Rupee slides as equity outflows and higher oil import costs lift dollar demand

    by VT Markets
    /
    May 18, 2026

    The Indian rupee has weakened by nearly 12% against the US dollar over the past year, making it Asia’s worst performer. The move has been linked to equity outflows and higher oil import costs.

    Foreign equity outflows exceeded USD20bn in the first four months of this year, compared with USD19bn in total during 2025. Demand for US dollars from oil importers has also risen as crude import costs increased.

    India’s shift from discounted Russian crude to more expensive Middle Eastern supplies, under a US trade deal, has added to import cost pressures. This has increased demand for US dollars.

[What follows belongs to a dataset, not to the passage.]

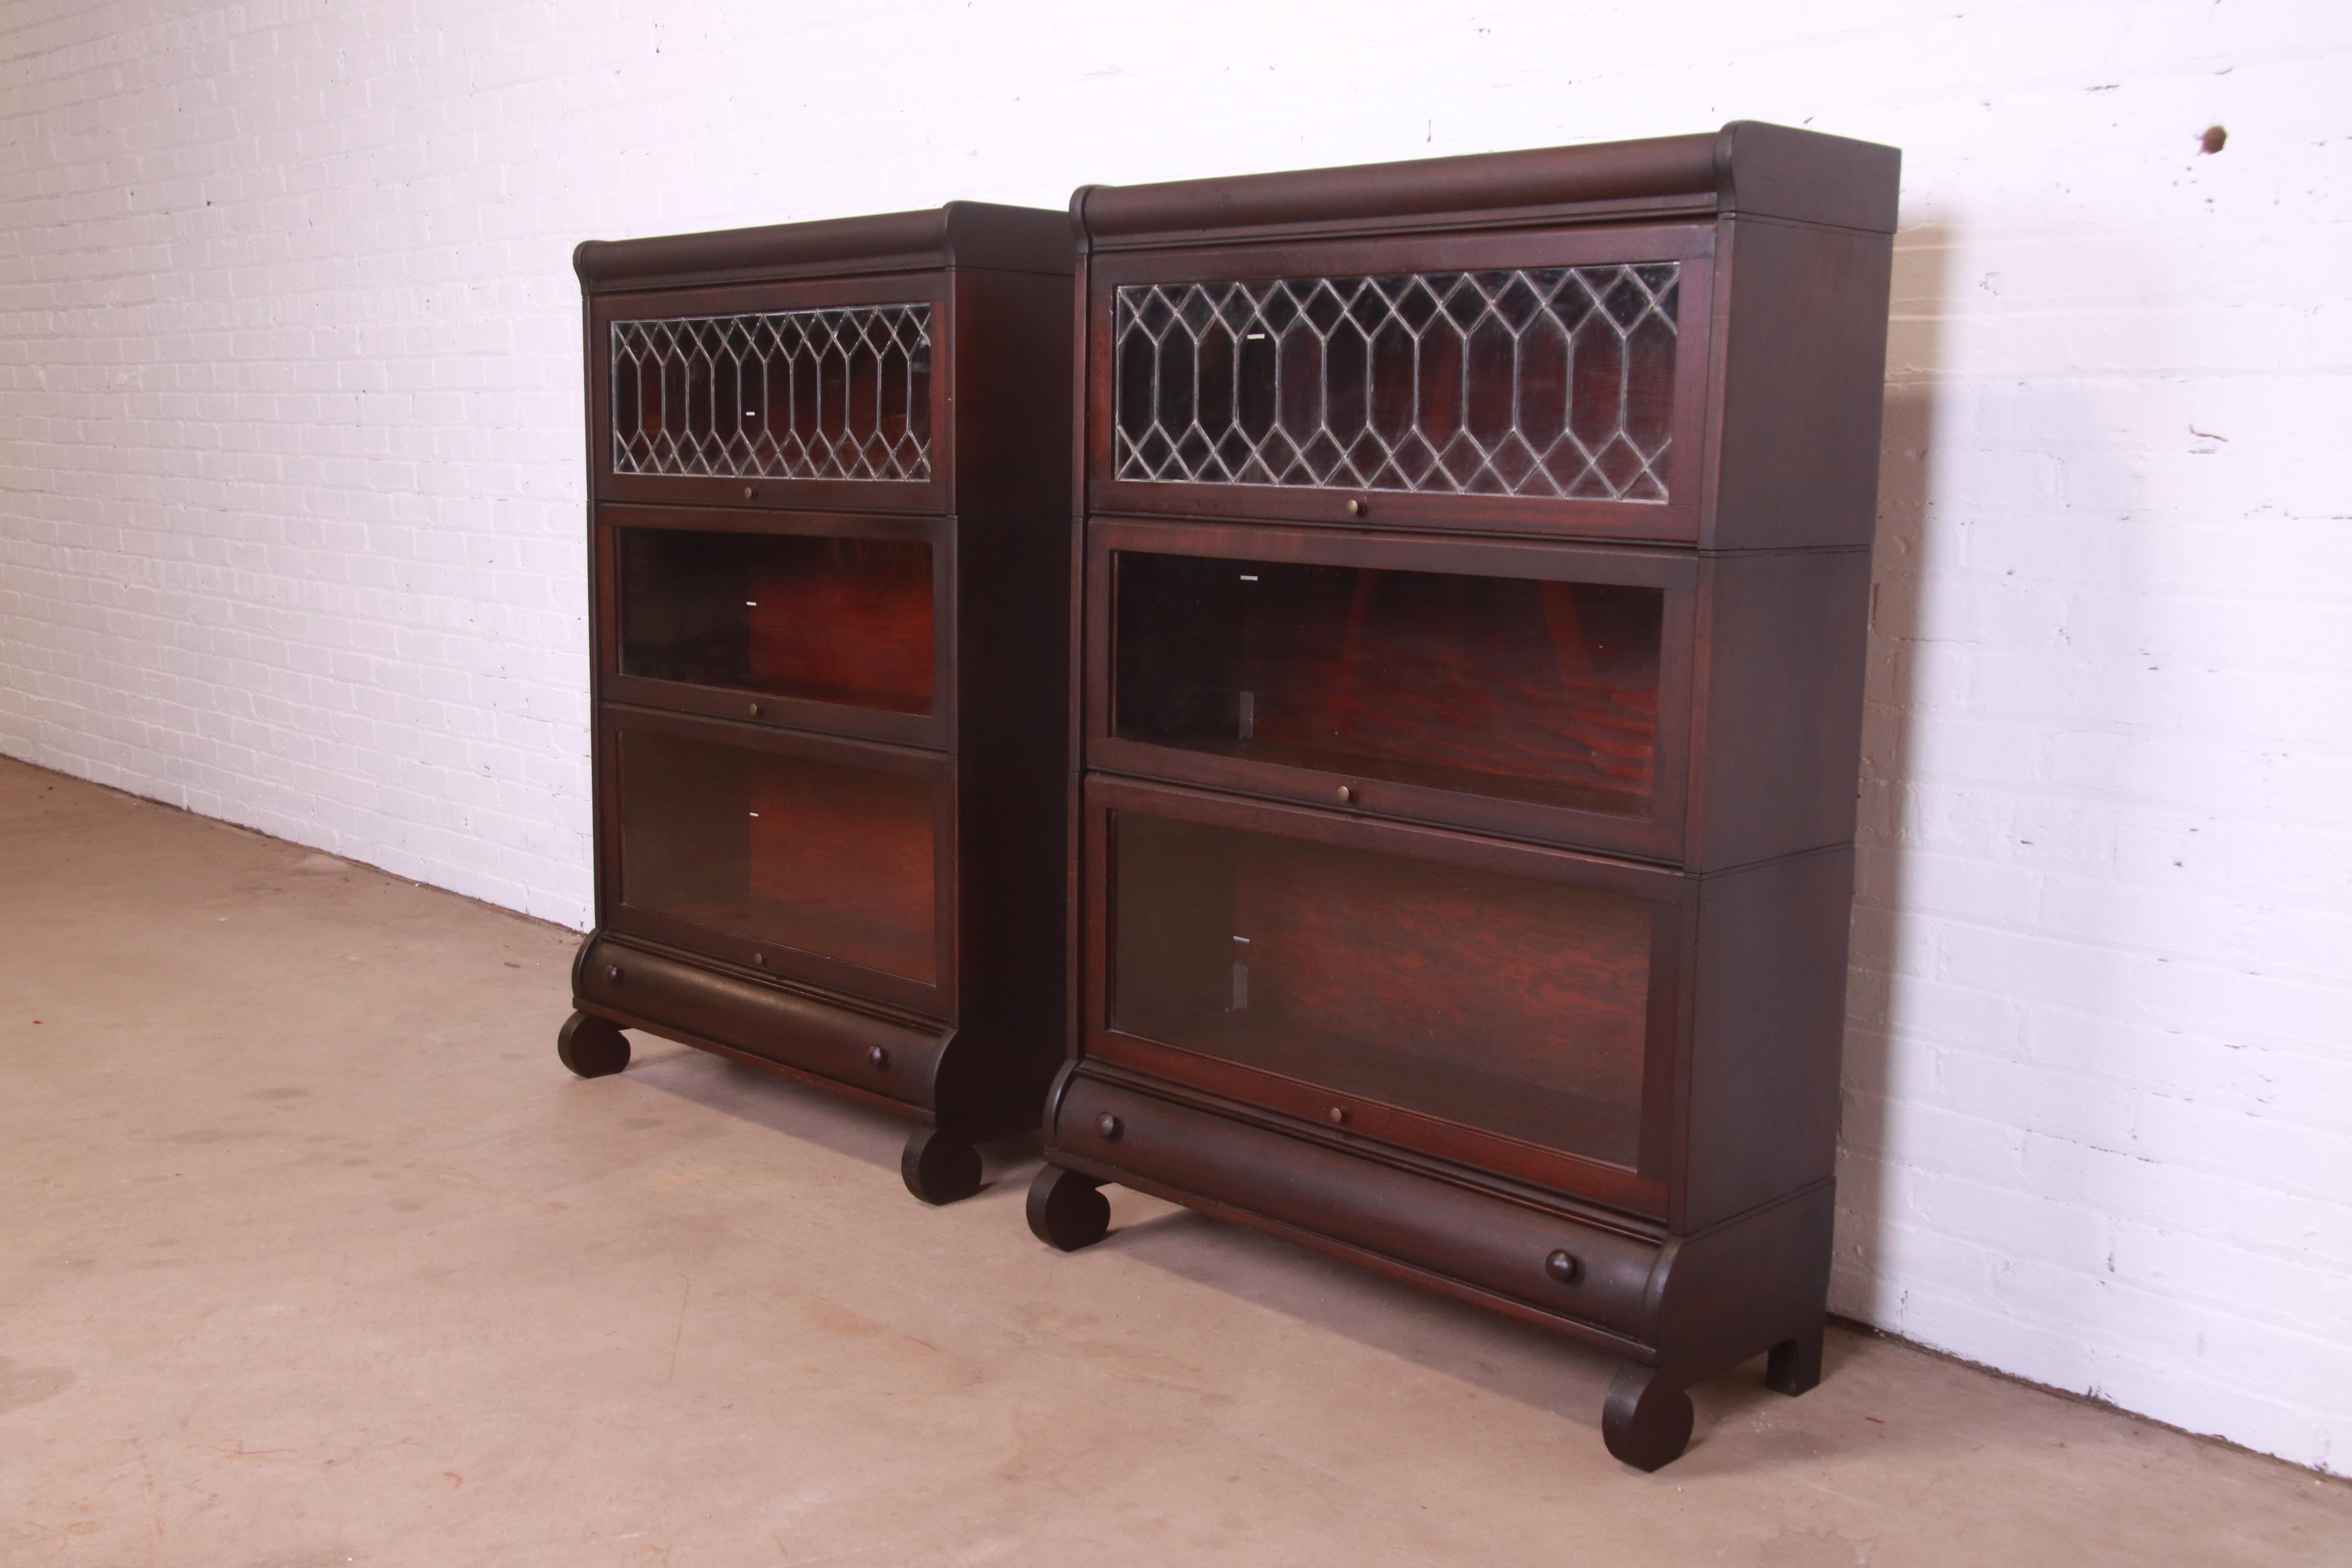 American Antique Arts & Crafts Mahogany Barrister Bookcases with Leaded Glass, Pair

    Authorities have stepped up support for the rupee through direct foreign exchange intervention and by requiring banks to unwind speculative long-USD positions. Gold import rules have also been tightened to reduce dollar demand.

    The government raised the gold import tariff to 15% from 6% and set a 100kg cap per licence under the advance authorisation scheme. Capital gains tax relief for foreign bond holders is also being considered.

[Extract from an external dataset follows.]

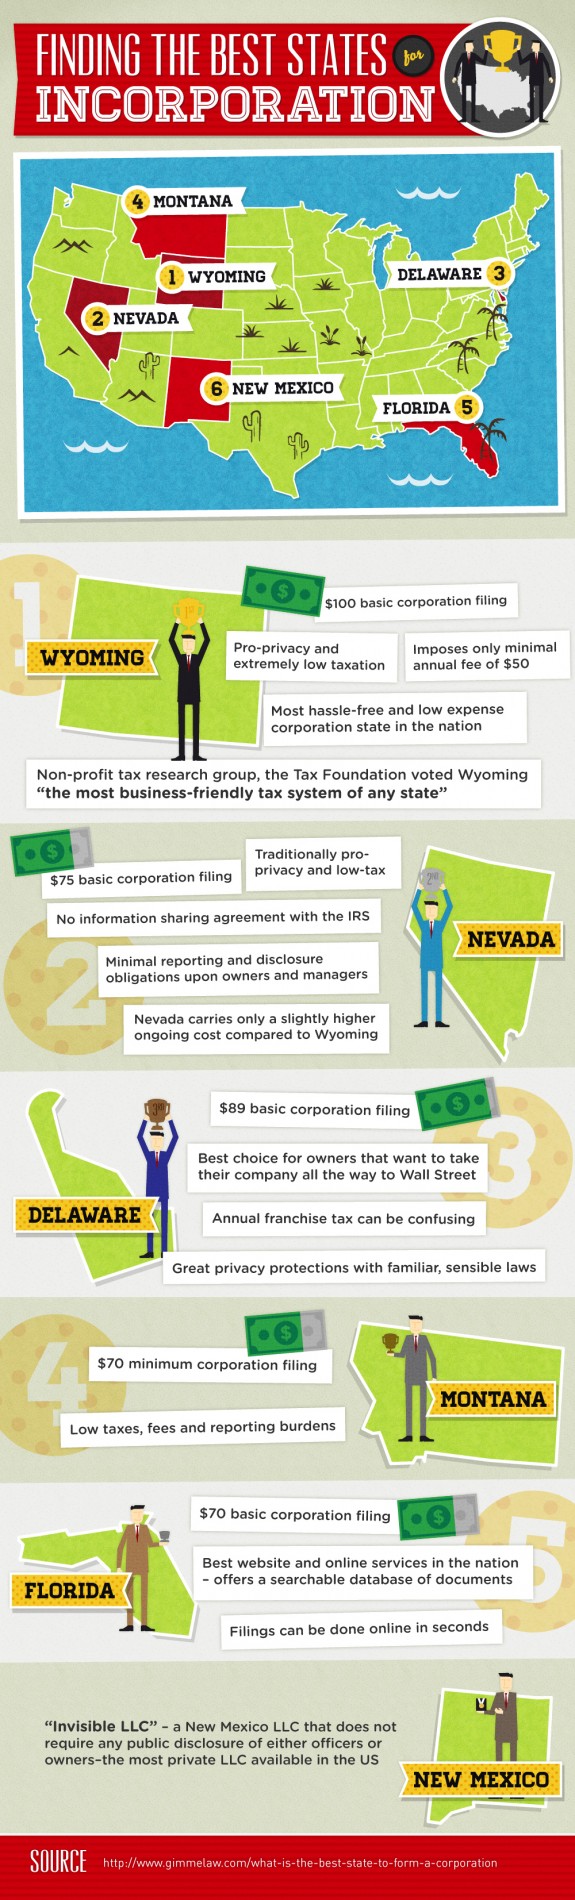 Thumbnail for Finding The Best States for Incorporation Infographic

    If oil prices stay high, the rupee is likely to remain under pressure, with the central bank aiming to limit volatility rather than fully counter the depreciation.

    The Indian Rupee continues to face headwinds, echoing the challenges we saw back in 2025 with significant equity outflows and high import costs. With Brent crude prices recently climbing back to around $95 a barrel, the pressure from India’s oil import bill is intensifying once again. This situation suggests the core factors driving INR weakness have not gone away.

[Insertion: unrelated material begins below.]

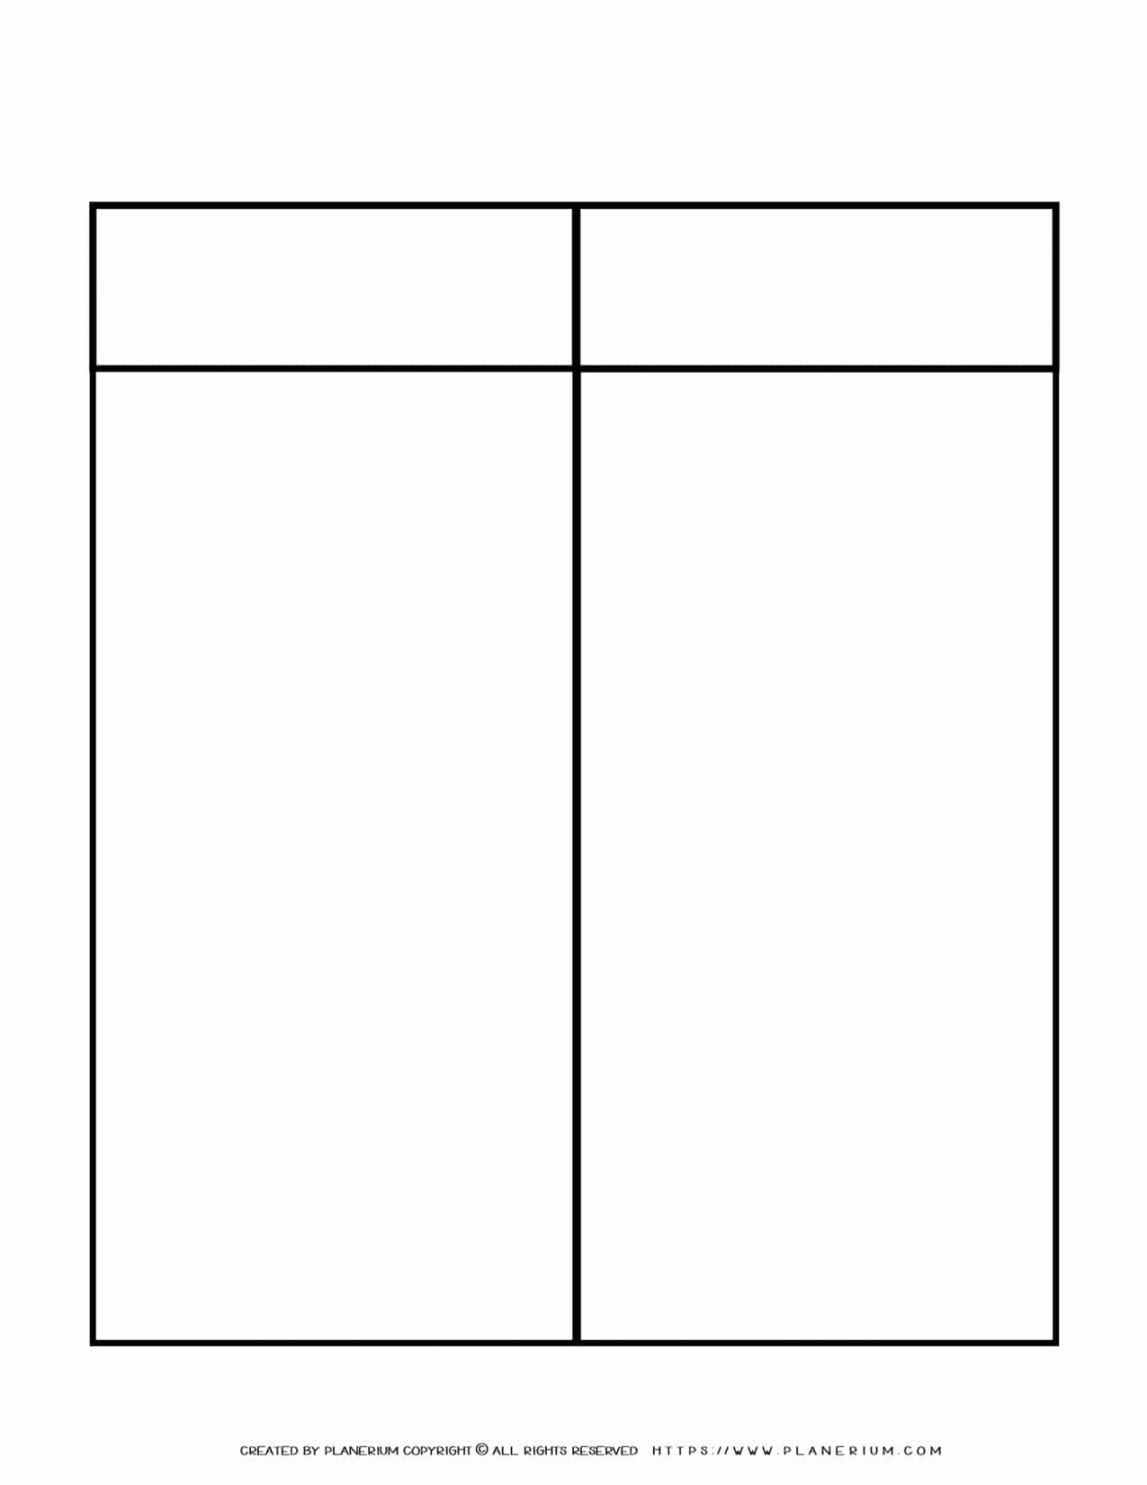 Graphic Organizer Templates - Two Columns One Row Chart  Planerium - FREE Printables - Two Column Chart

    For derivative traders, this environment points towards continued high volatility in the USD/INR pair. Given the Reserve Bank of India’s historical preference for smoothing declines rather than halting them, traders should consider strategies that profit from a gradual depreciation. Buying call options on the USD/INR could be a prudent way to gain exposure to further Rupee weakness while limiting downside risk.

    We’re not seeing the meaningful reversal in foreign portfolio investment that would be needed for a durable INR recovery. While outflows slowed late last year, recent data shows foreign investors turned net sellers again in April 2026, pulling out approximately $2 billion from Indian equities. This persistent selling pressure makes a strong rebound unlikely in the immediate term.

    The RBI remains a key player, actively intervening to curb excessive volatility, but its actions are not a silver bullet. We’ve seen India’s foreign exchange reserves dip to around $620 billion, indicating the high cost of defending the currency against strong market currents. Traders should therefore expect interventions to cap sharp spikes, but not to reverse the underlying depreciating trend while oil stays elevated.

    Despite the currency pressure, India’s strong macroeconomic fundamentals, with GDP growth projected near 6.8%, provide a floor for the Rupee. A sudden, sustained drop in global oil prices or a significant shift in foreign investor sentiment could quickly alter this outlook. For now, however, the path of least resistance for the Rupee appears to be sideways to weaker.